Data excerpt:

<<<<

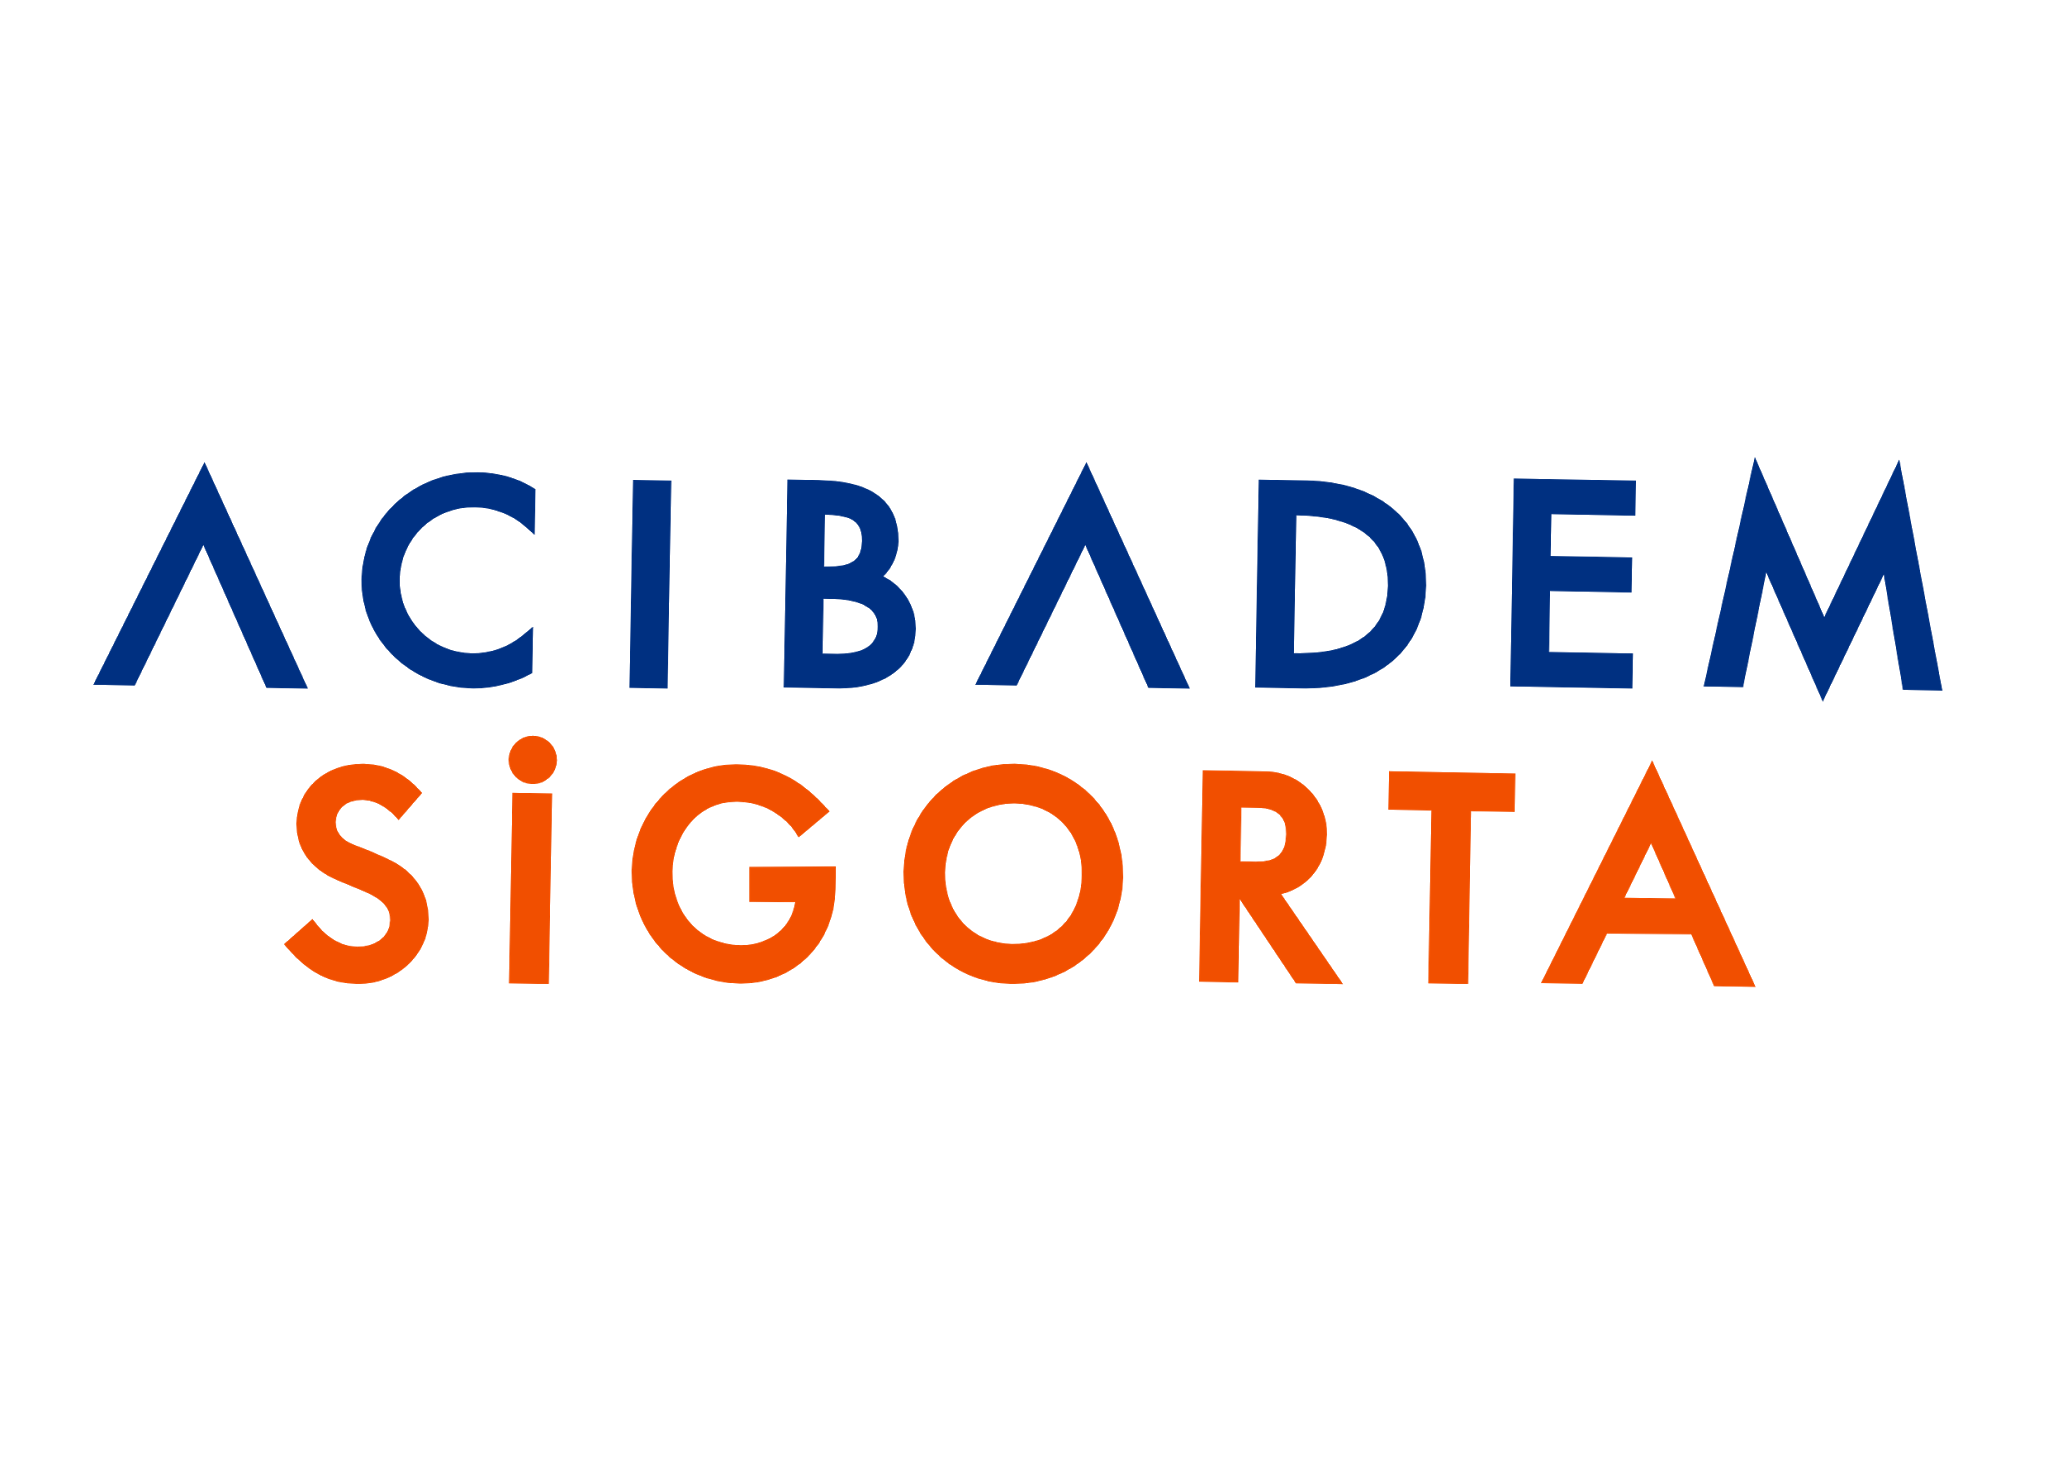 Acıbadem Sigorta - Logo Acibadem Sigorta PNG, Acibadem Sigorta Logo PNG - Free PNG
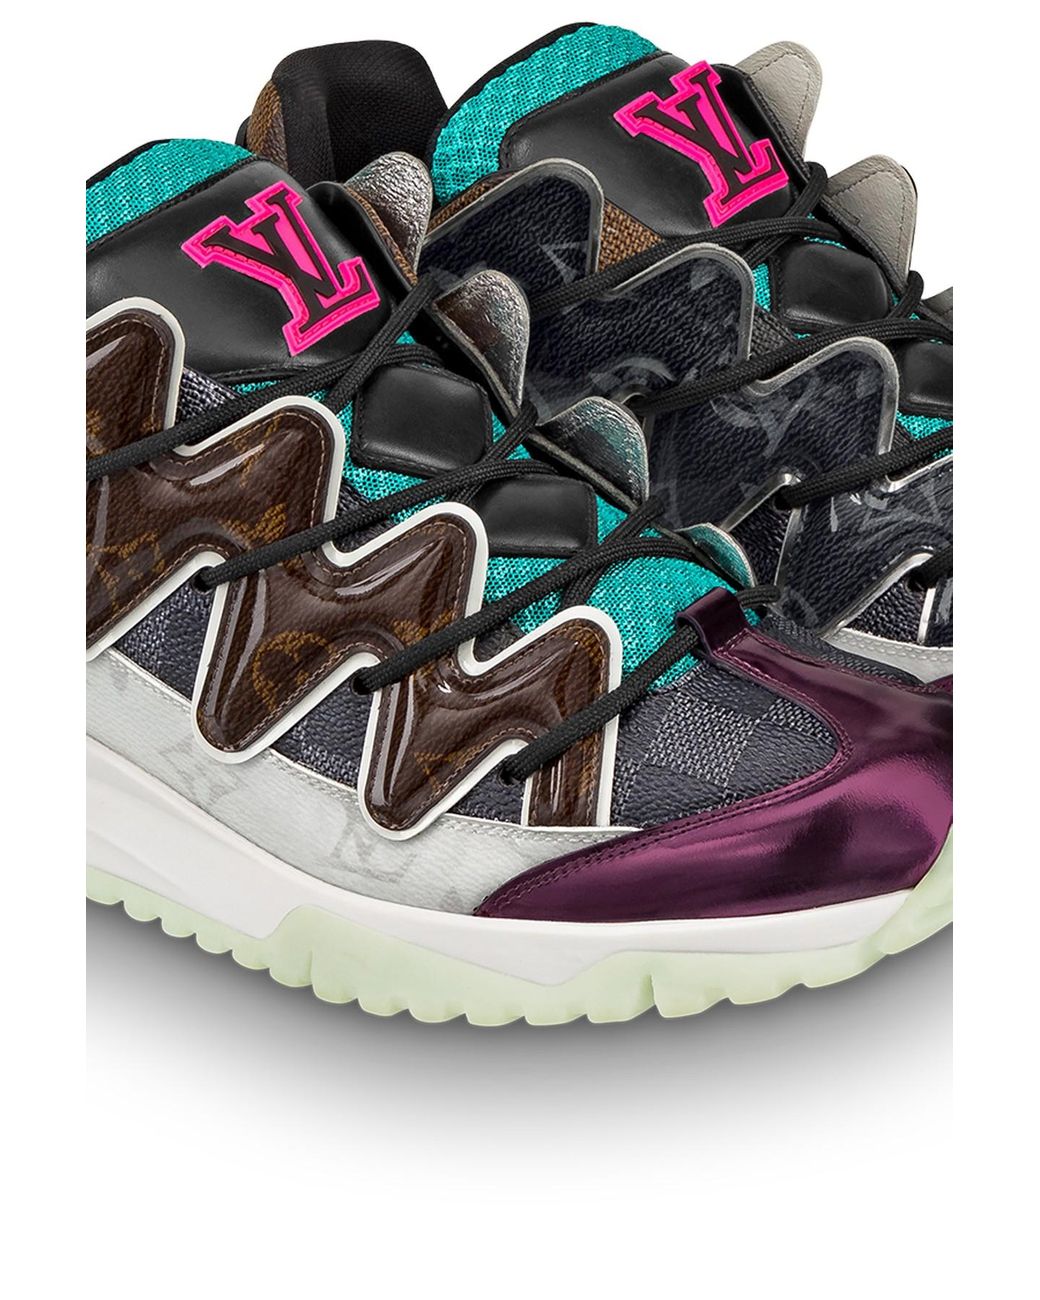 Louis Vuitton Zigzag Multicolor Leather Sneakers Size 11 Men'
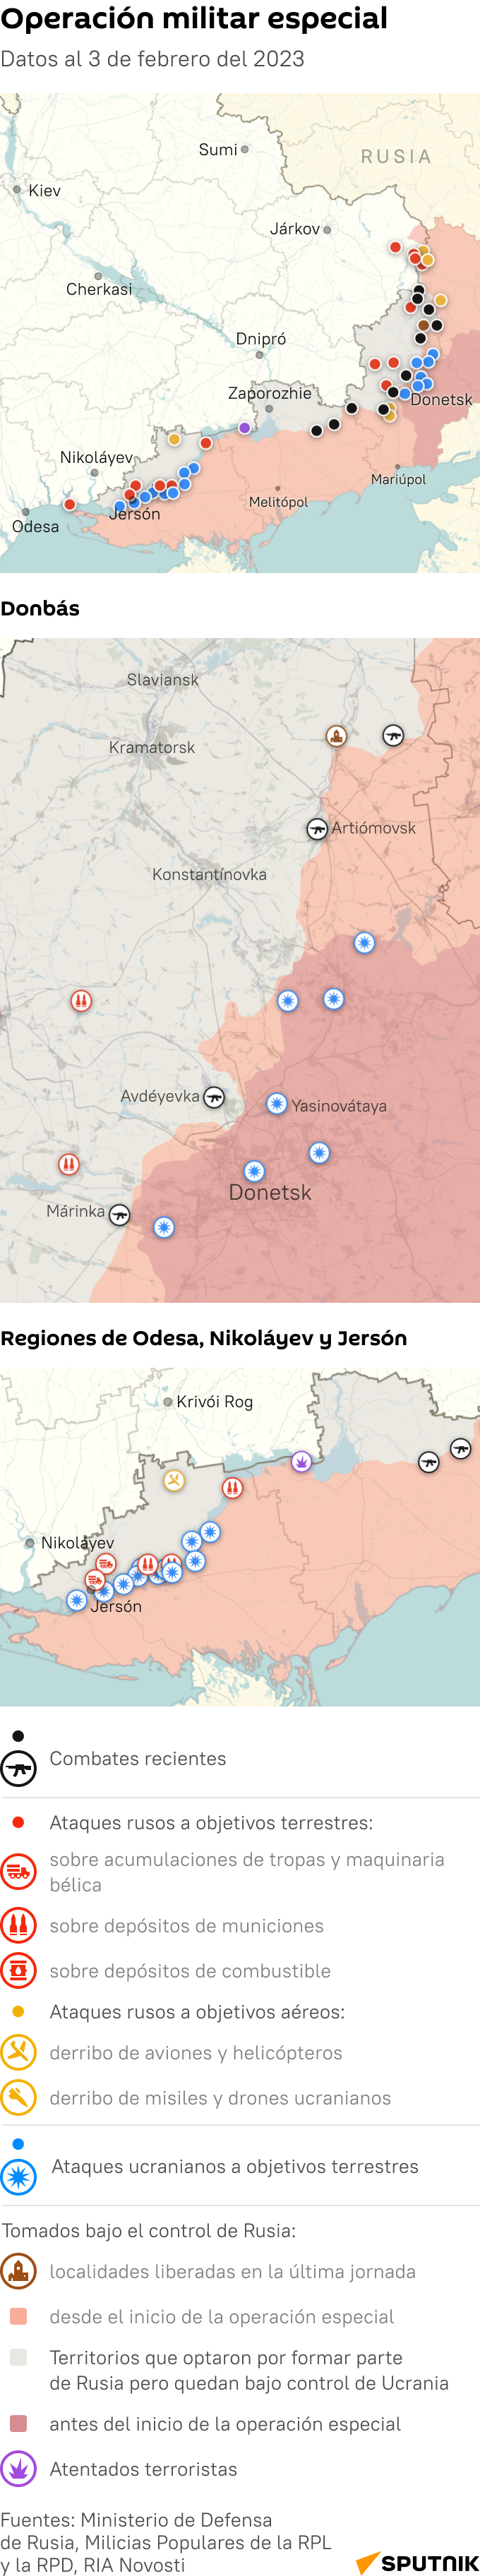 Mapa: cómo avanza la operación especial de Rusia en Ucrania - Sputnik Mundo

>>>>

Task objective:
Take the data above and set it down exactly, images excluded.

Task response:
 Acıbadem Sigorta - Logo Acibadem Sigorta PNG, Acibadem Sigorta Logo PNG - Free PNG
 Louis Vuitton Zigzag Multicolor Leather Sneakers Size 11 Men'
 Mapa: cómo avanza la operación especial de Rusia en Ucrania - Sputnik Mundo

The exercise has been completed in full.